▸ **Recorded information**:
######
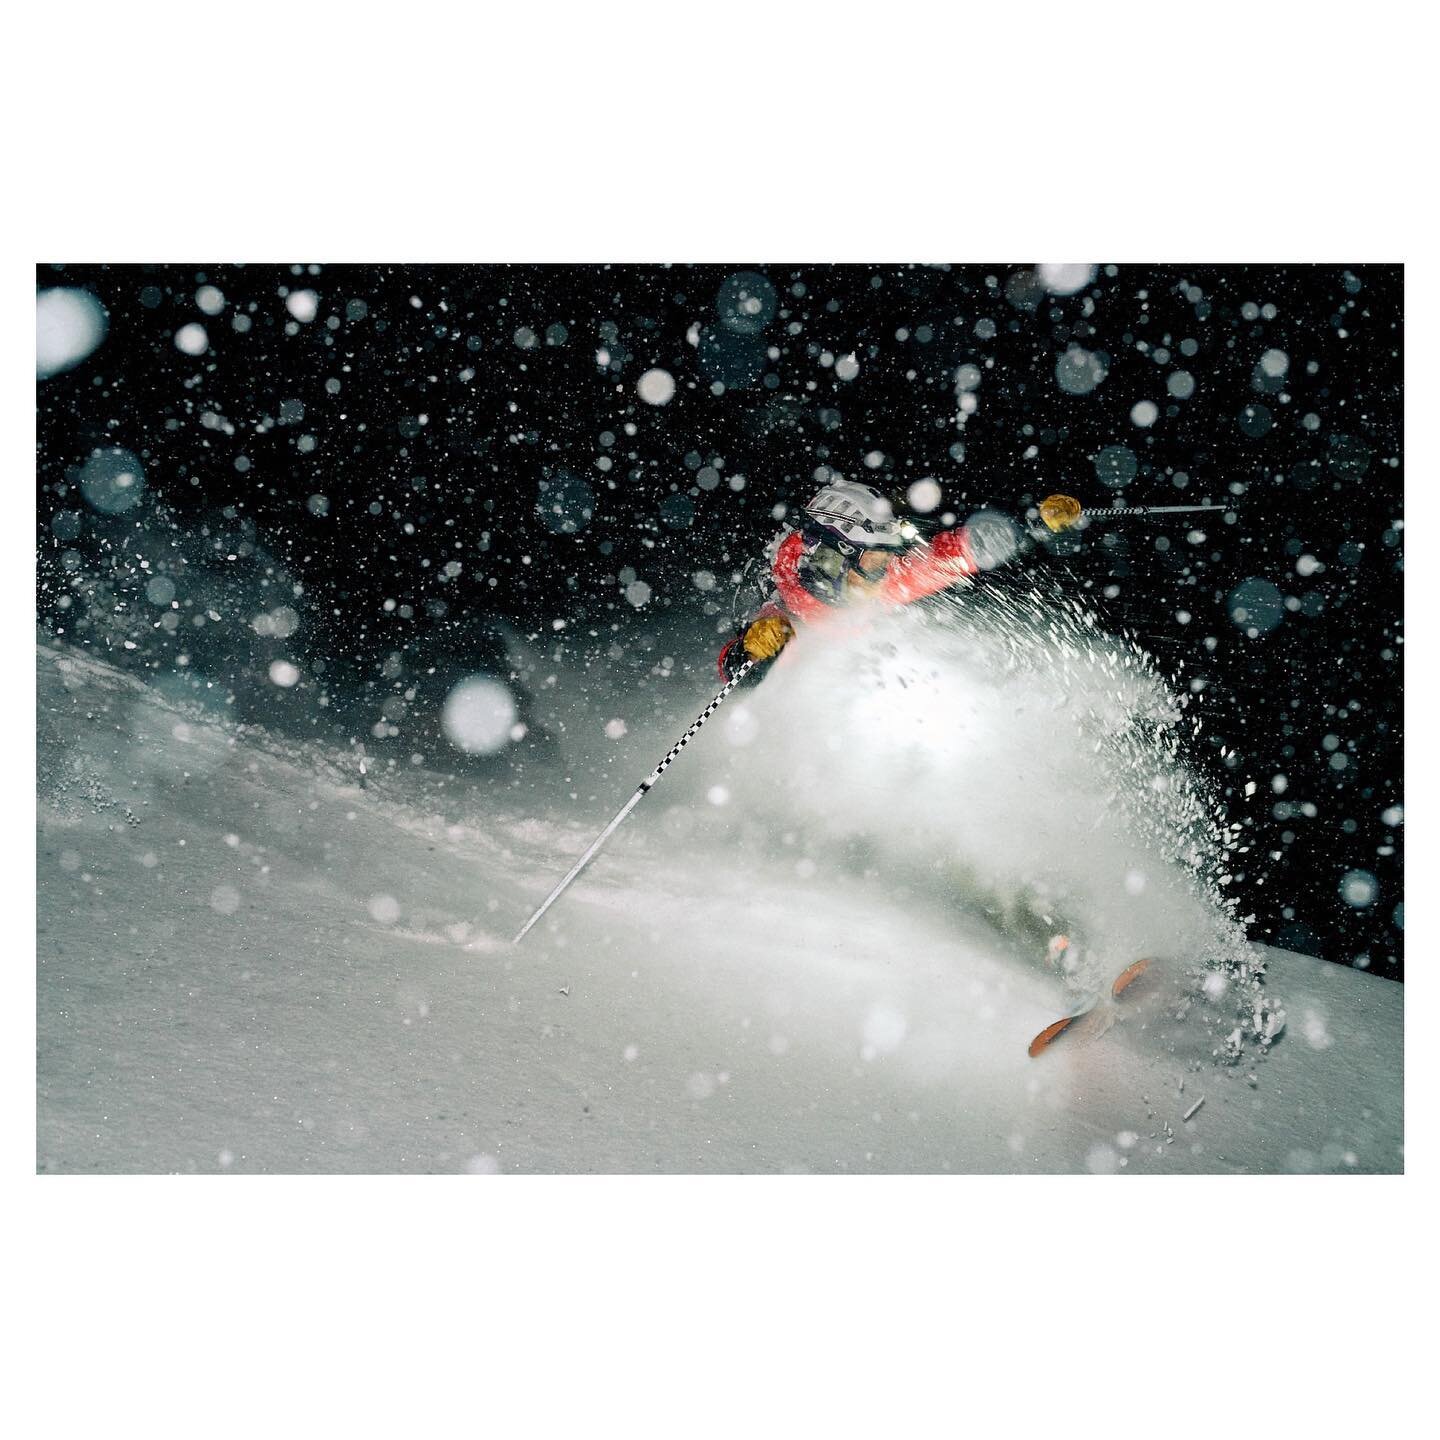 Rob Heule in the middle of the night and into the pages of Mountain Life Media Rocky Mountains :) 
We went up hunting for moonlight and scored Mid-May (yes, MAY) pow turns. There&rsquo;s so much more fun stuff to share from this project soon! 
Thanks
######
▸ **Task directions**:
Each line from the one with "We went up hunting" through the last line of the material is to be retyped exactly, and no other line is.

▸ **Answer below**:
We went up hunting for moonlight and scored Mid-May (yes, MAY) pow turns. There&rsquo;s so much more fun stuff to share from this project soon! 
Thanks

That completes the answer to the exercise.